**Data excerpts:**
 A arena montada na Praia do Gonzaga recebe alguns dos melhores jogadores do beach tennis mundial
--
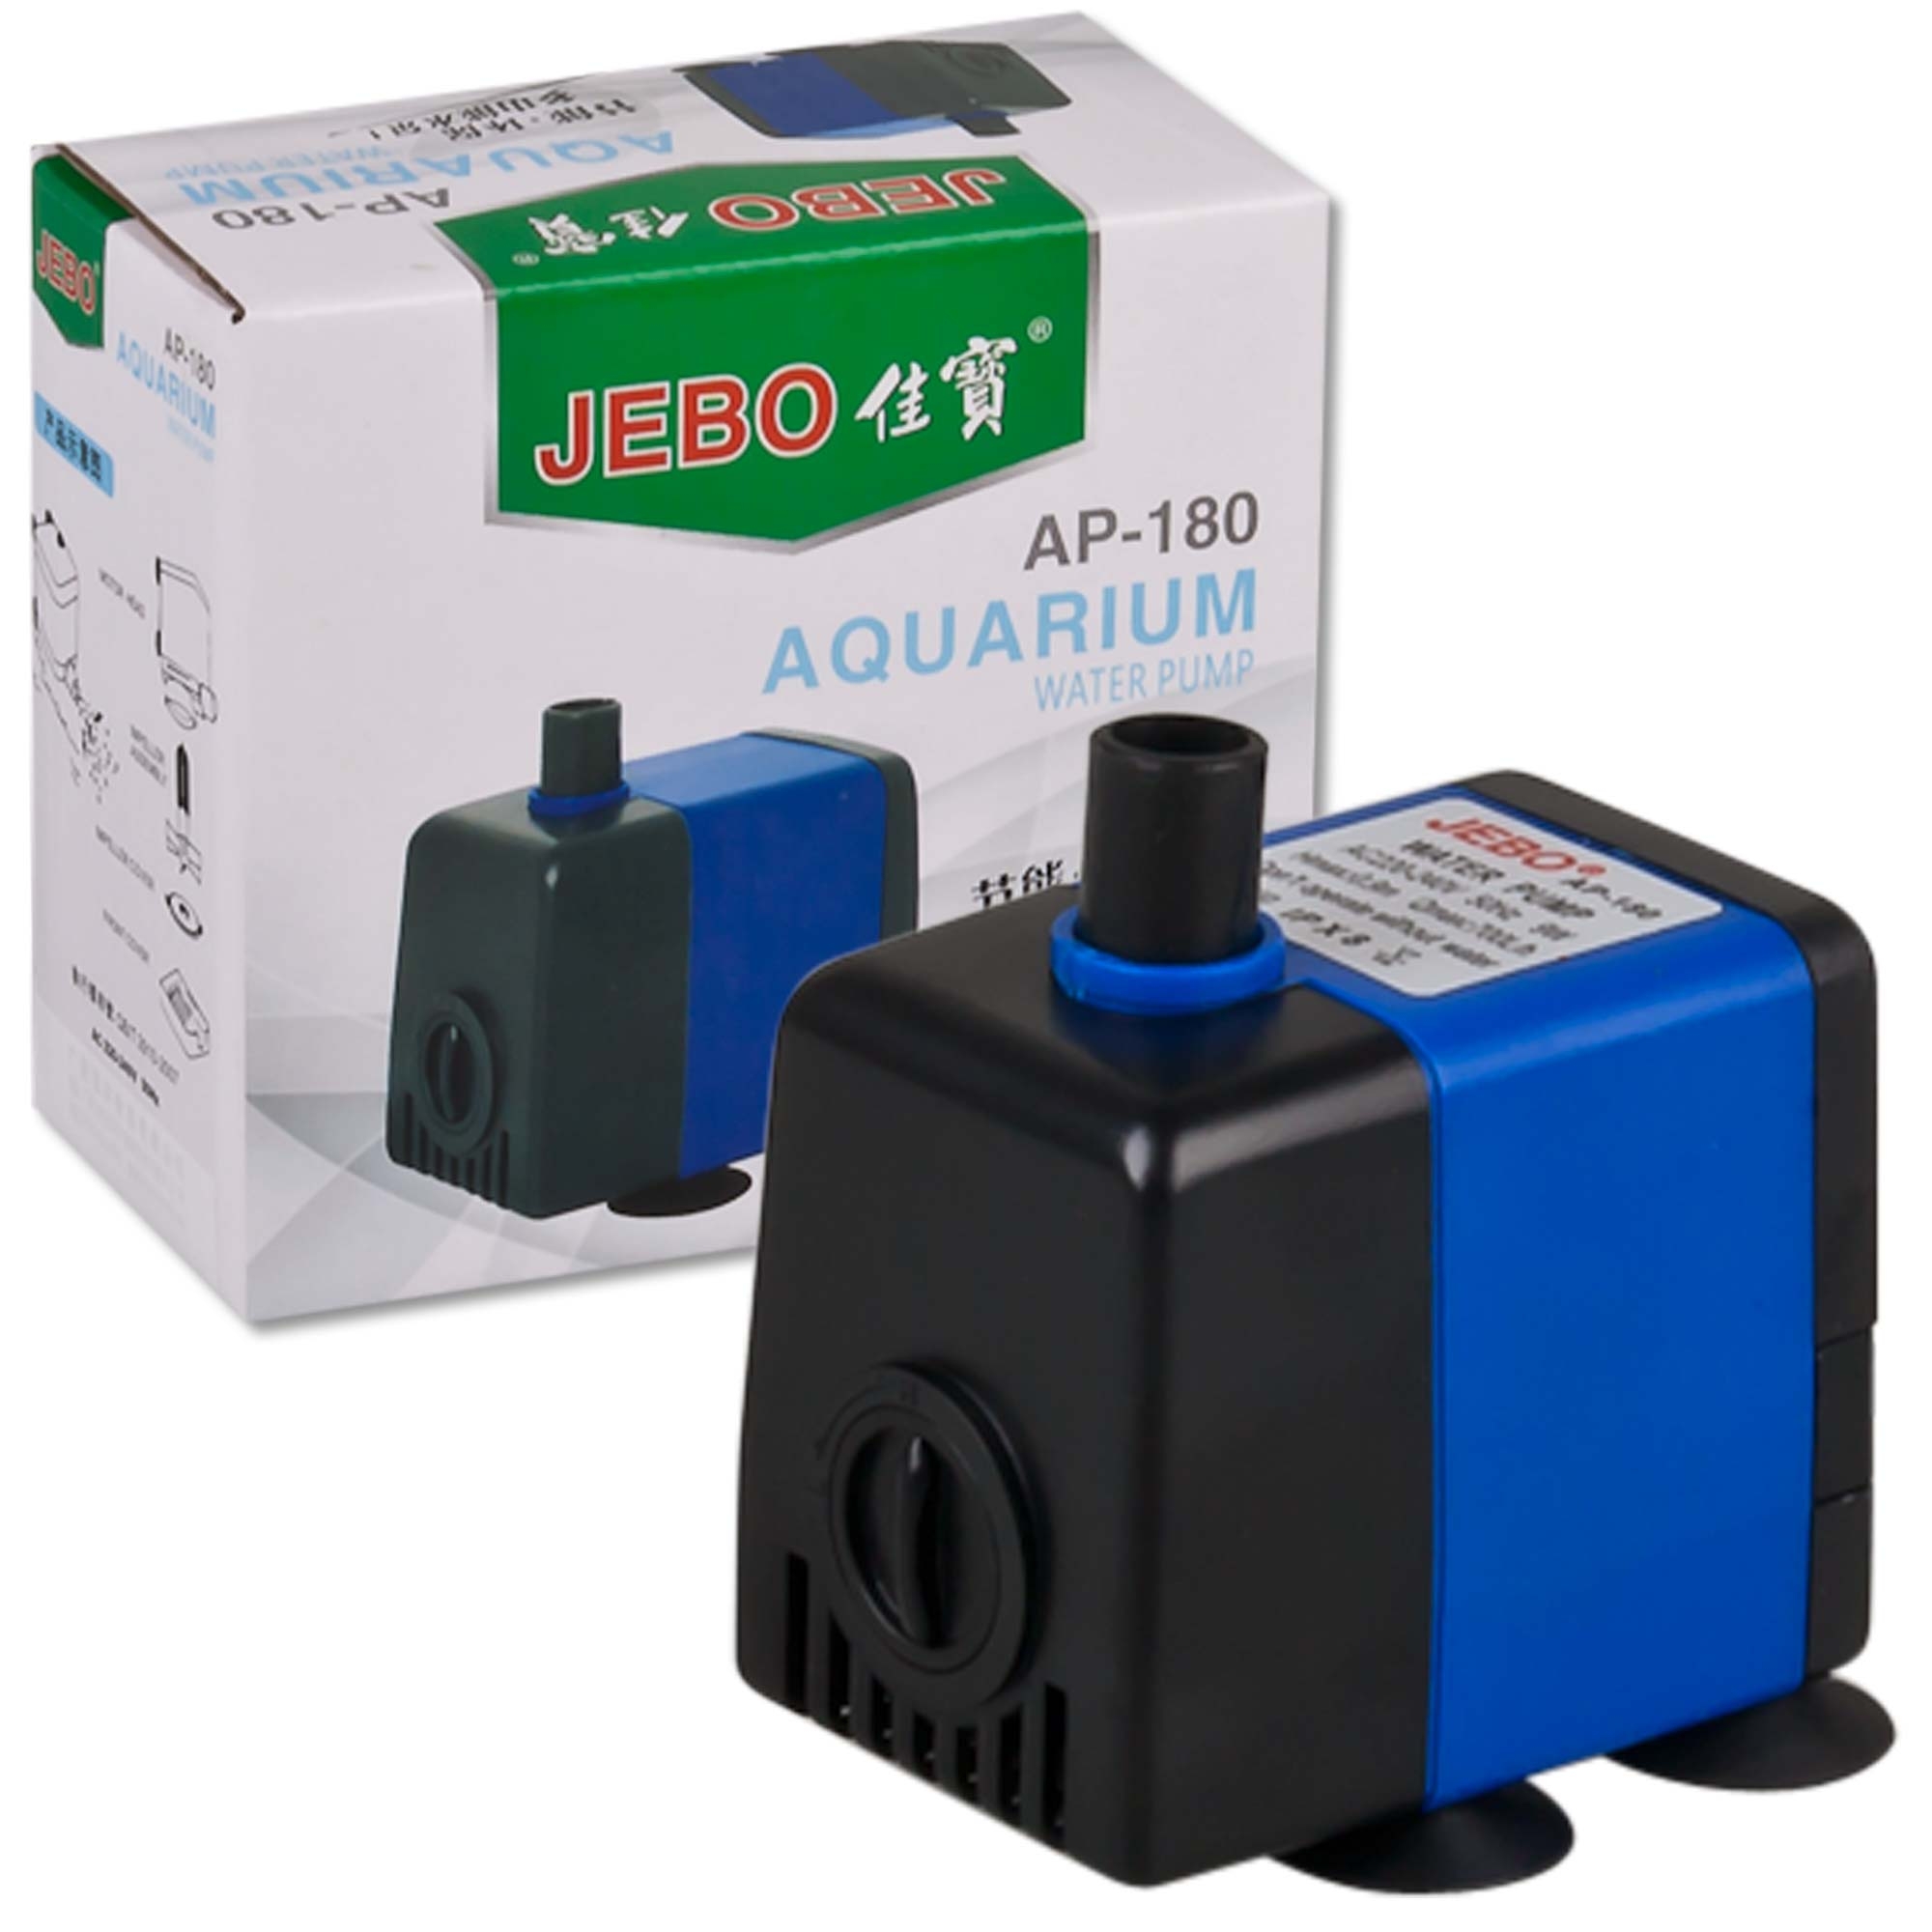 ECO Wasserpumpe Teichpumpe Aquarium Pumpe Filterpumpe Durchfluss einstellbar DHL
* * *
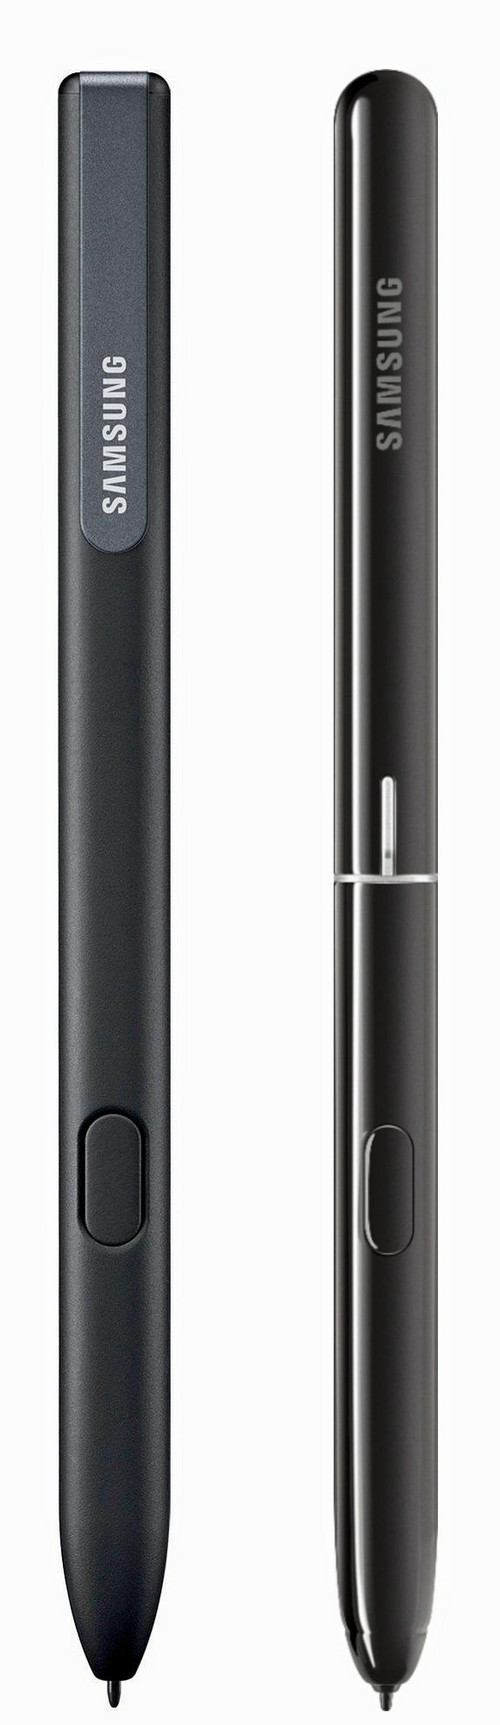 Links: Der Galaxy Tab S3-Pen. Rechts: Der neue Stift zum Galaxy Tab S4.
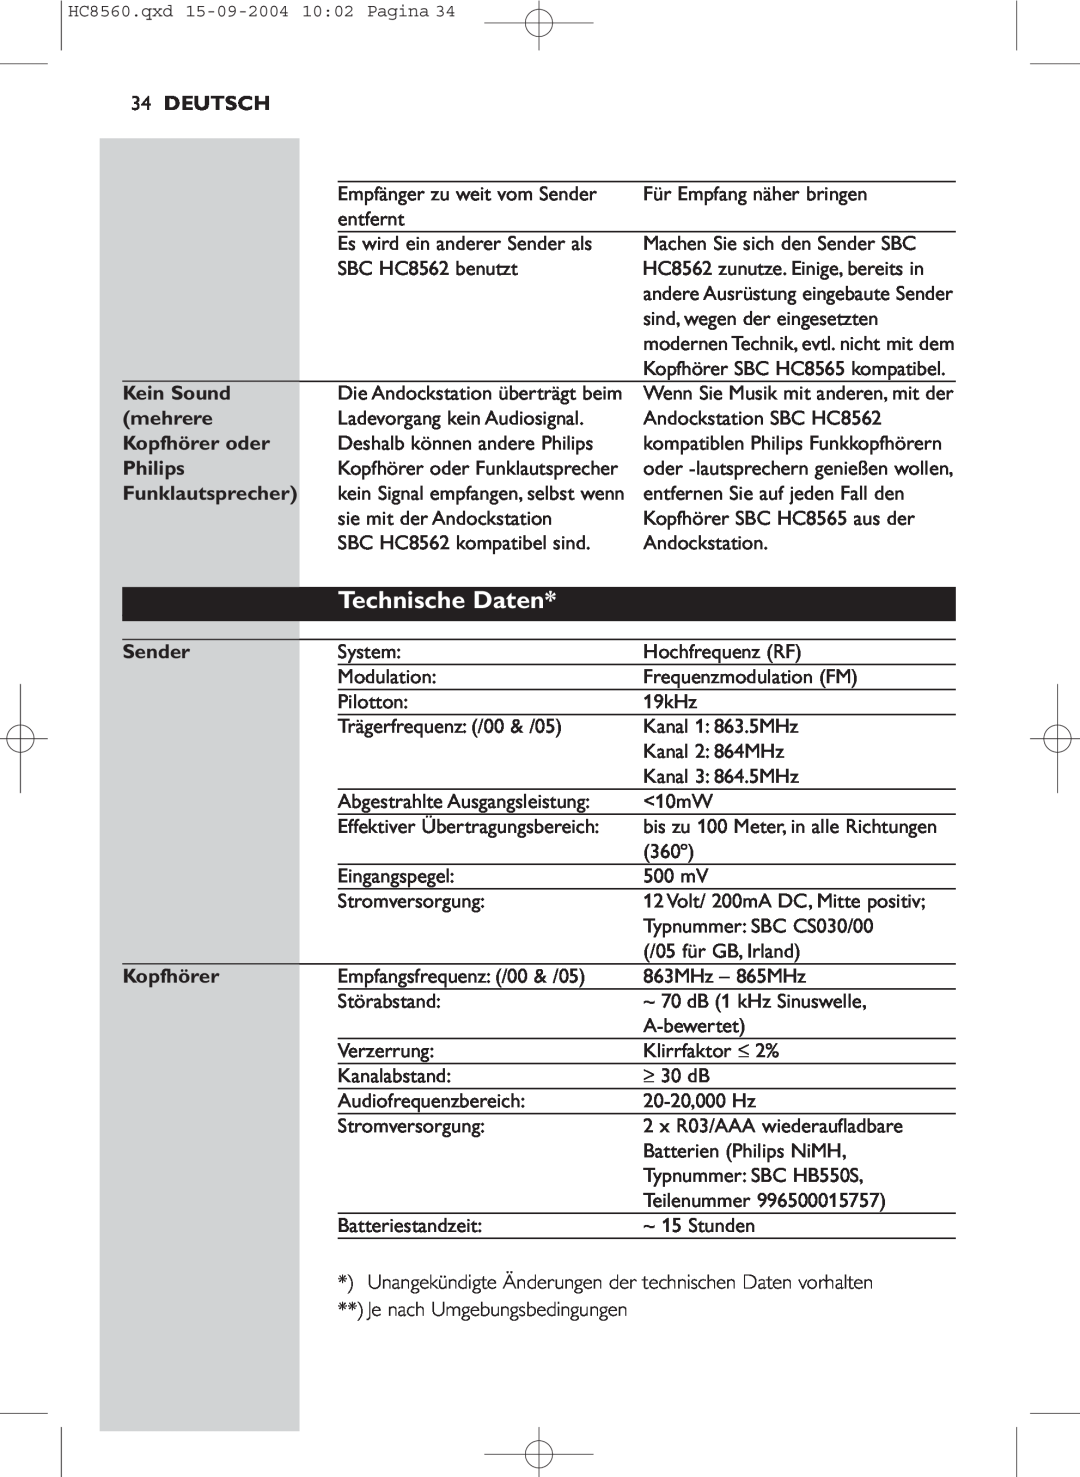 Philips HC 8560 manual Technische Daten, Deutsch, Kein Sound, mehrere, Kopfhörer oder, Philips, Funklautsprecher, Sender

**Work to complete:** From the listing above, restate verbatim the lines running from the one with "Links: Der Galaxy" through the one with "Philips HC 8560", inclusive, but not the pictures.

**Exercise answer:**
 Links: Der Galaxy Tab S3-Pen. Rechts: Der neue Stift zum Galaxy Tab S4.
 Philips HC 8560 manual Technische Daten, Deutsch, Kein Sound, mehrere, Kopfhörer oder, Philips, Funklautsprecher, Sender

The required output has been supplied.